=== Try it ===
Give the lines again exactly as they appear below, from the line with "シマノ スコーピオン 70XG RIGHT(右)" to the line with "ラオス人カタログあなたが良く", both included, and only those lines. Leave every picture out.

=== Given records ===
*** Begin section ***

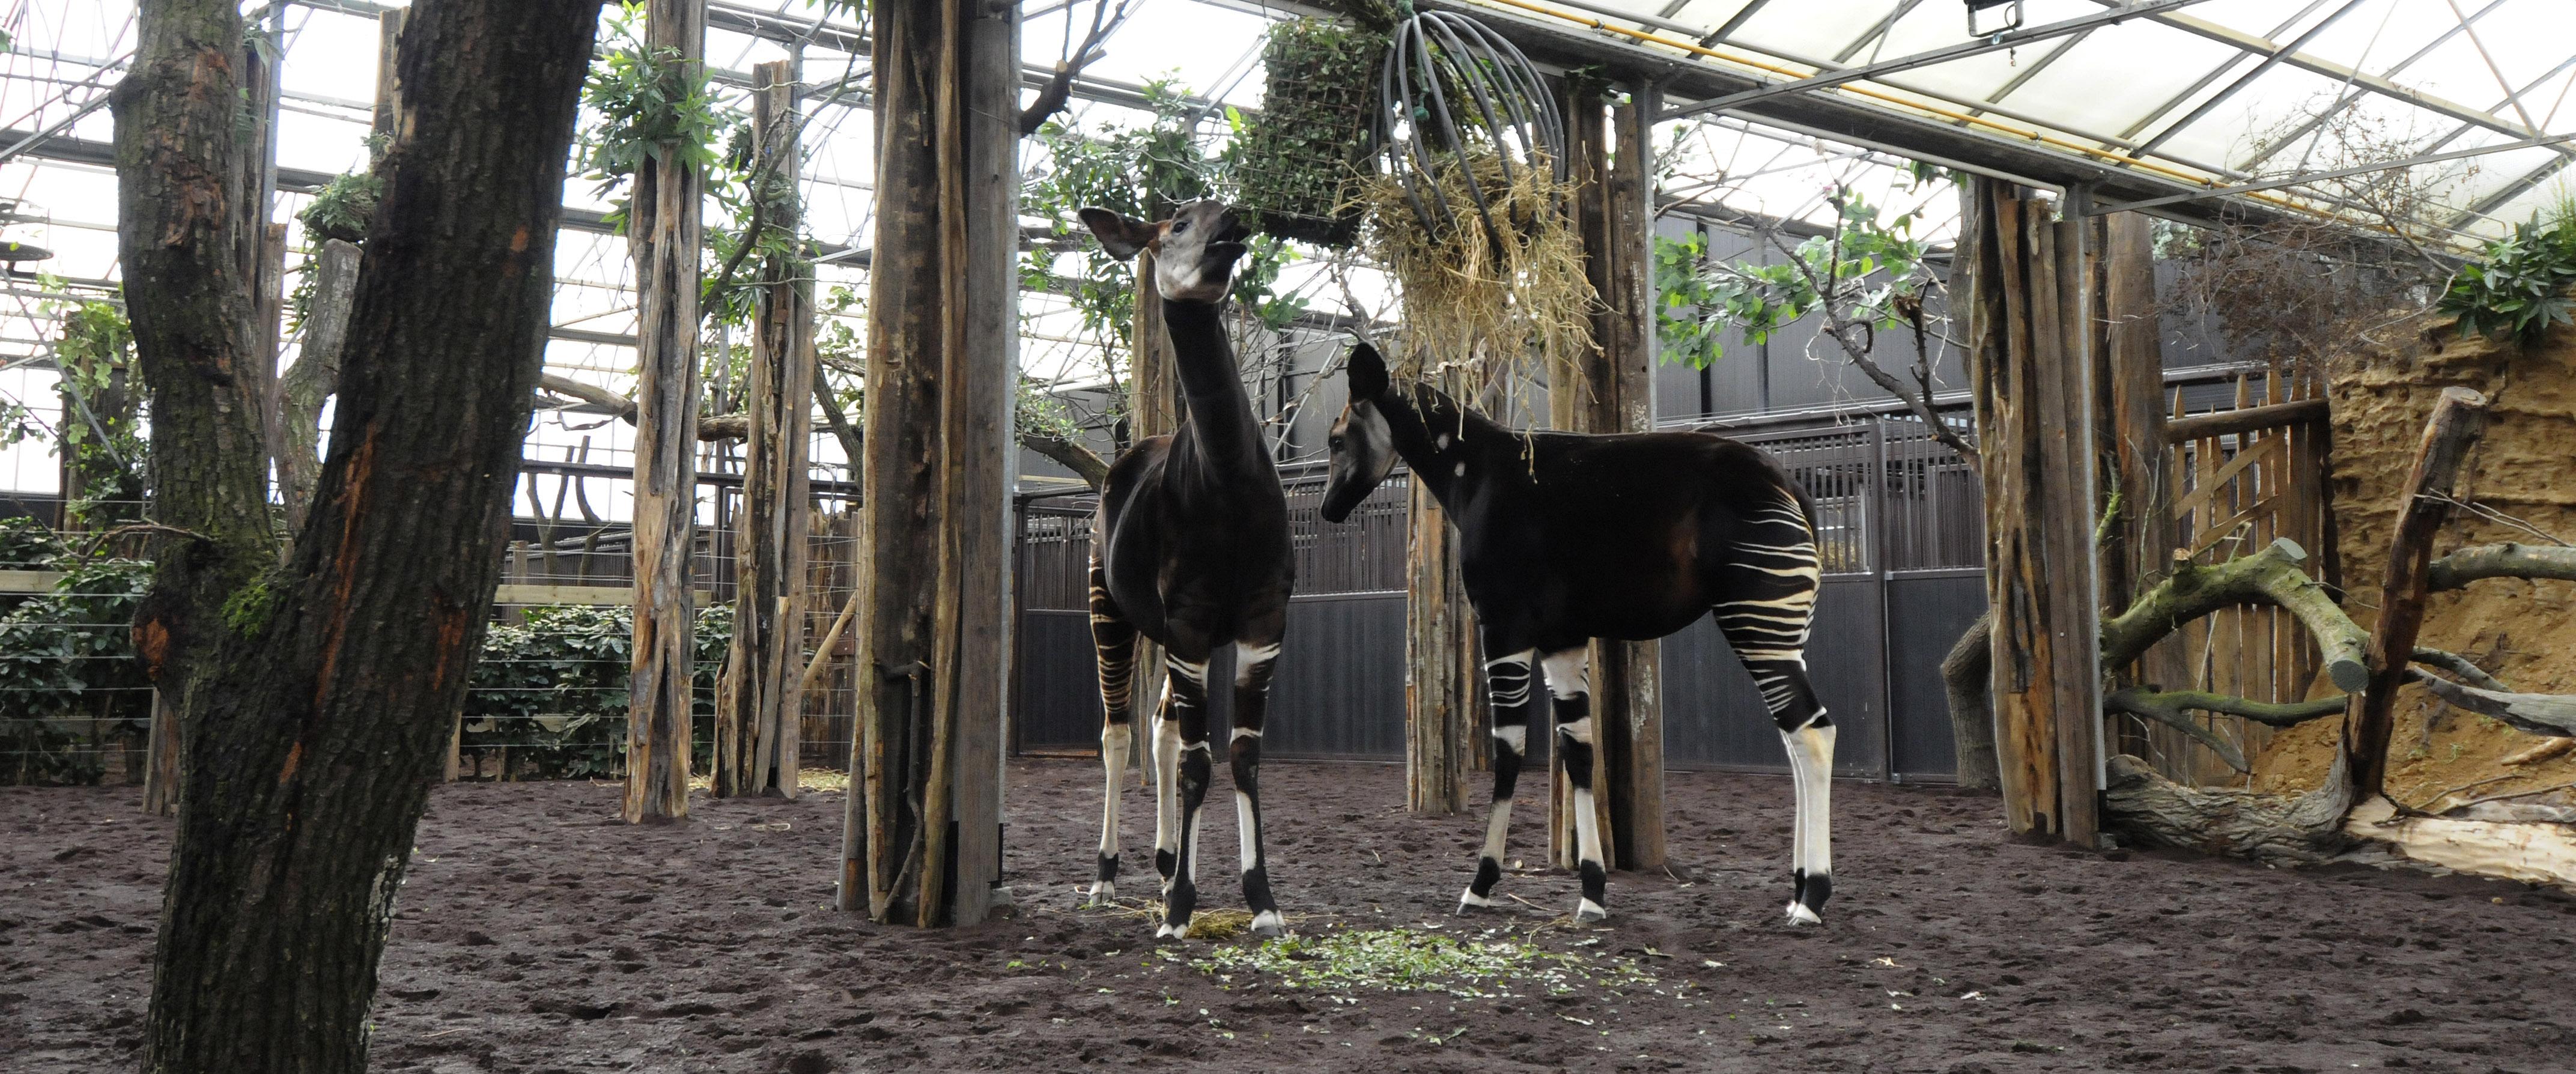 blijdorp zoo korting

*** End section ***
*** Begin section ***

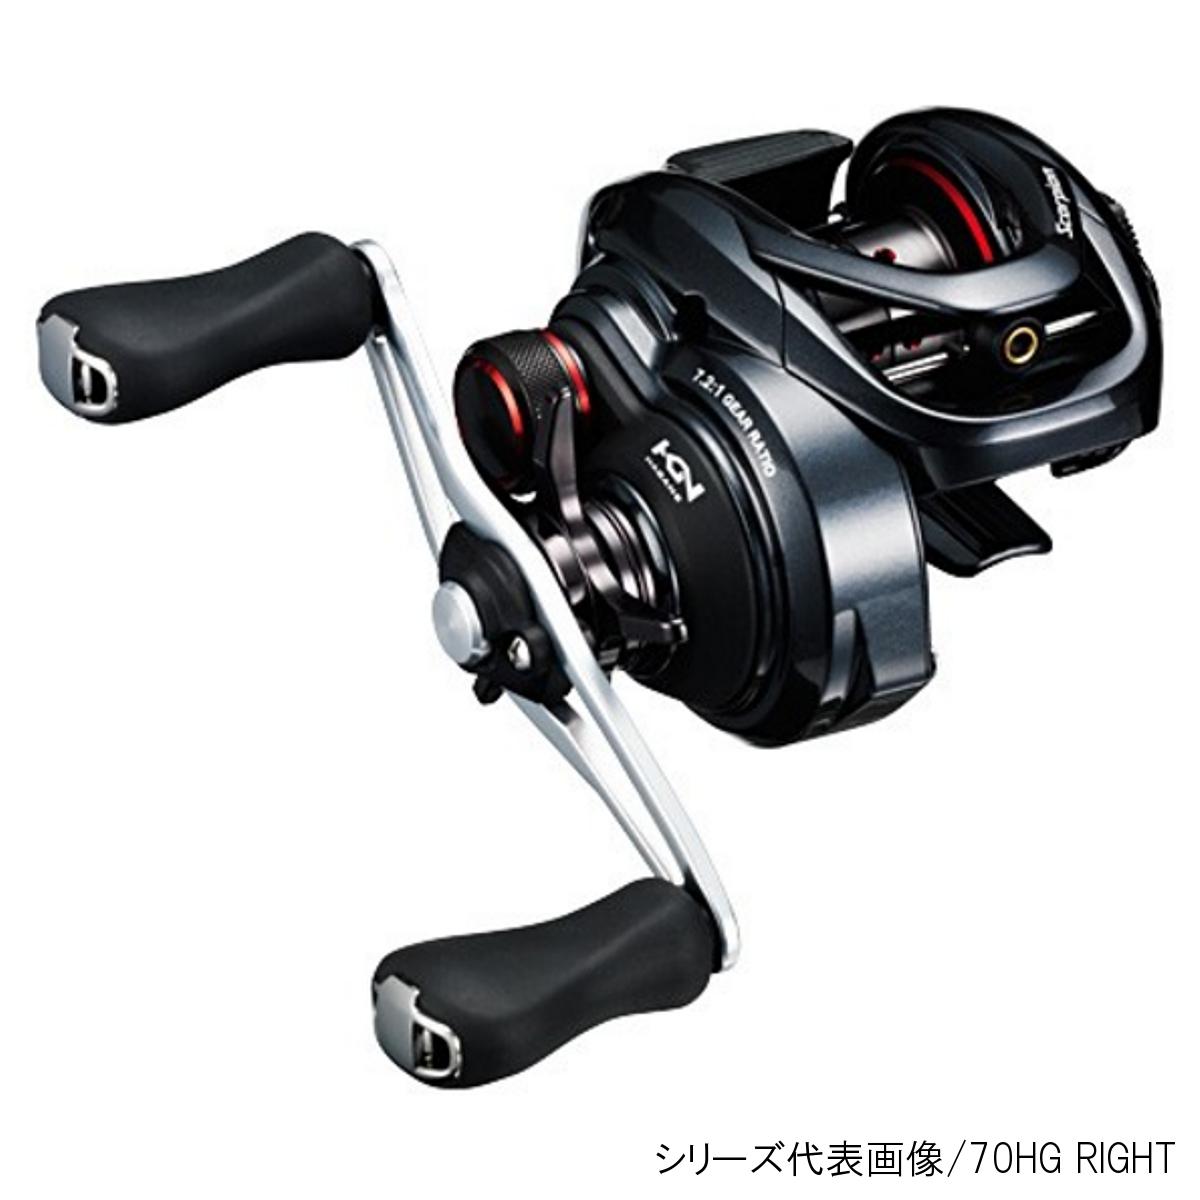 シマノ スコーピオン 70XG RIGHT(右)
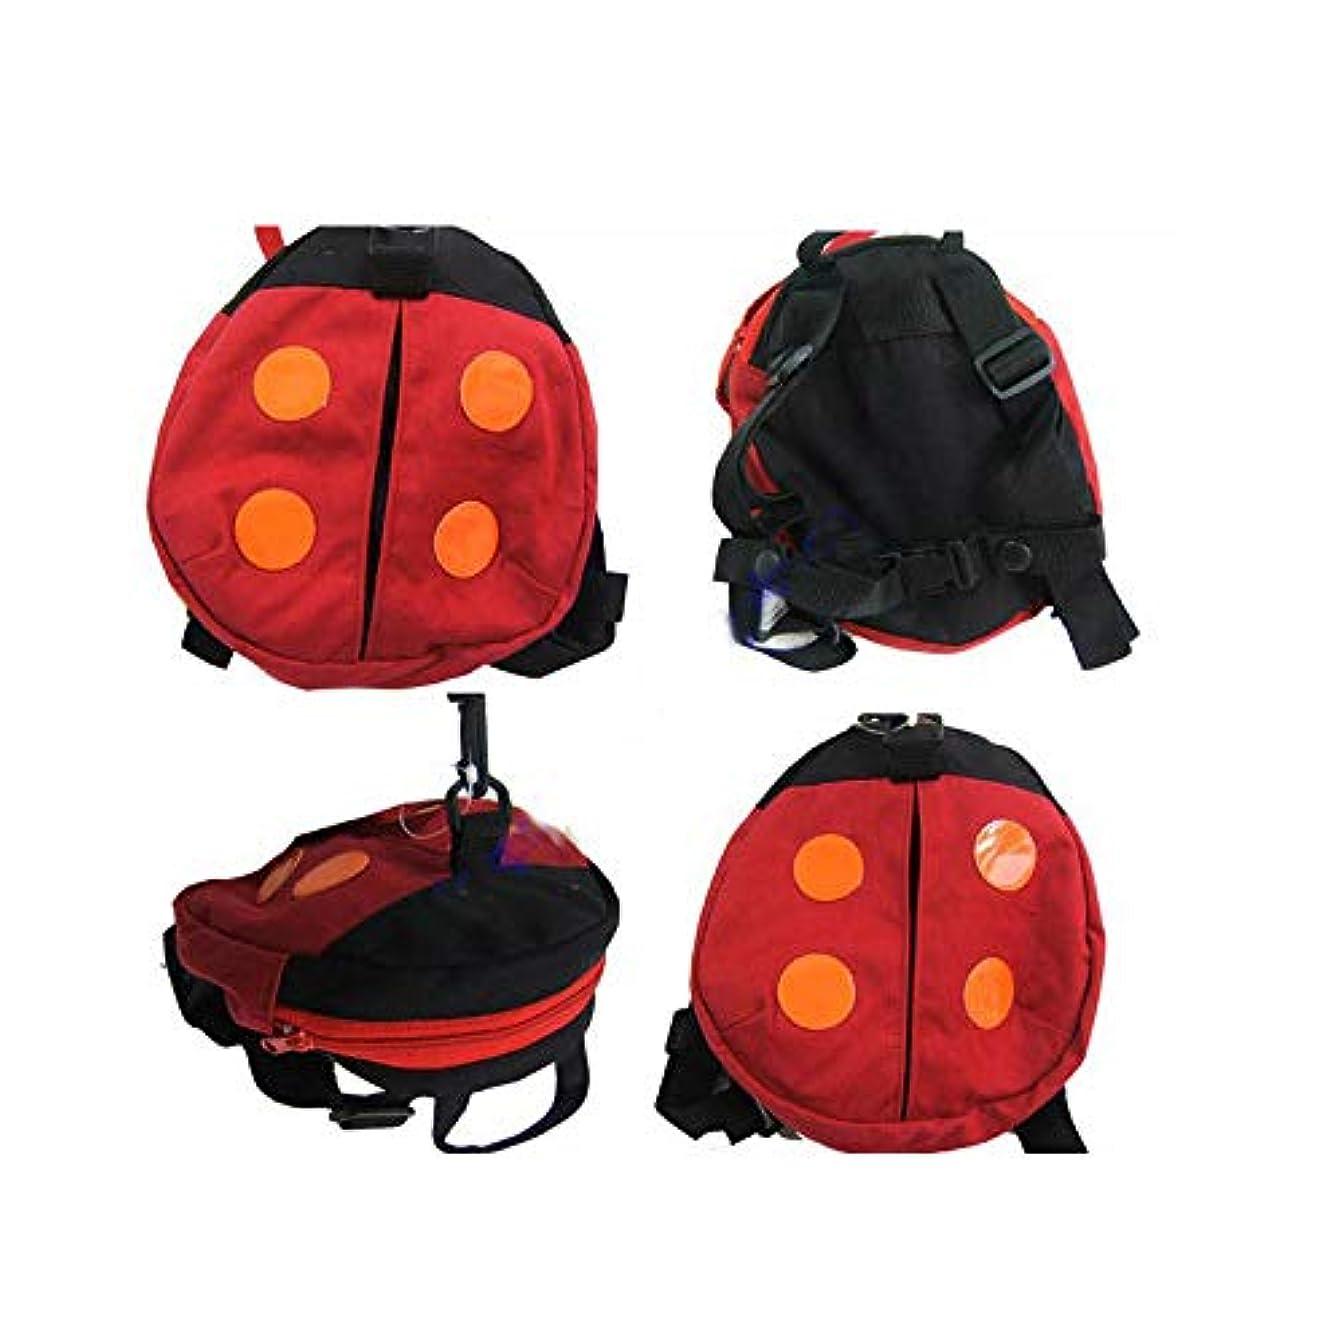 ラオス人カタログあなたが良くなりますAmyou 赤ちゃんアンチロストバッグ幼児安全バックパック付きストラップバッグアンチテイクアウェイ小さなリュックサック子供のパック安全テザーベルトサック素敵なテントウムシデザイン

*** End section ***
*** Begin section ***

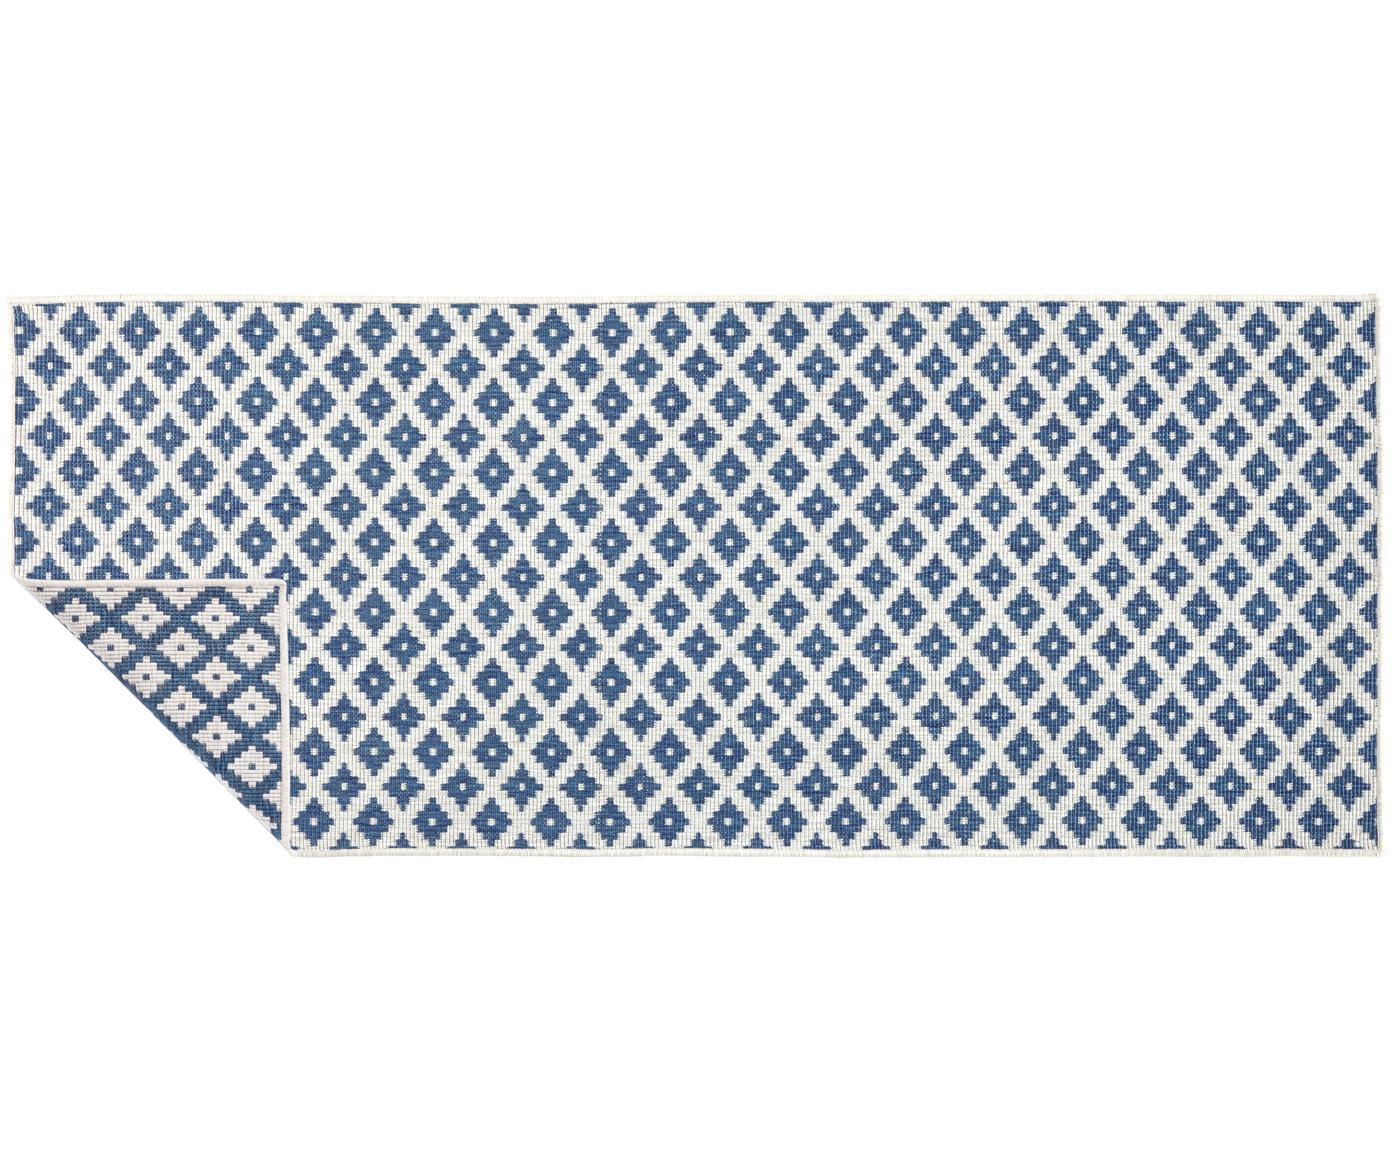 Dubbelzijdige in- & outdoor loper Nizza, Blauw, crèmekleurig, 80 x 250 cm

*** End section ***

=== Answer for this exercise ===
 シマノ スコーピオン 70XG RIGHT(右)
 ラオス人カタログあなたが良くなりますAmyou 赤ちゃんアンチロストバッグ幼児安全バックパック付きストラップバッグアンチテイクアウェイ小さなリュックサック子供のパック安全テザーベルトサック素敵なテントウムシデザイン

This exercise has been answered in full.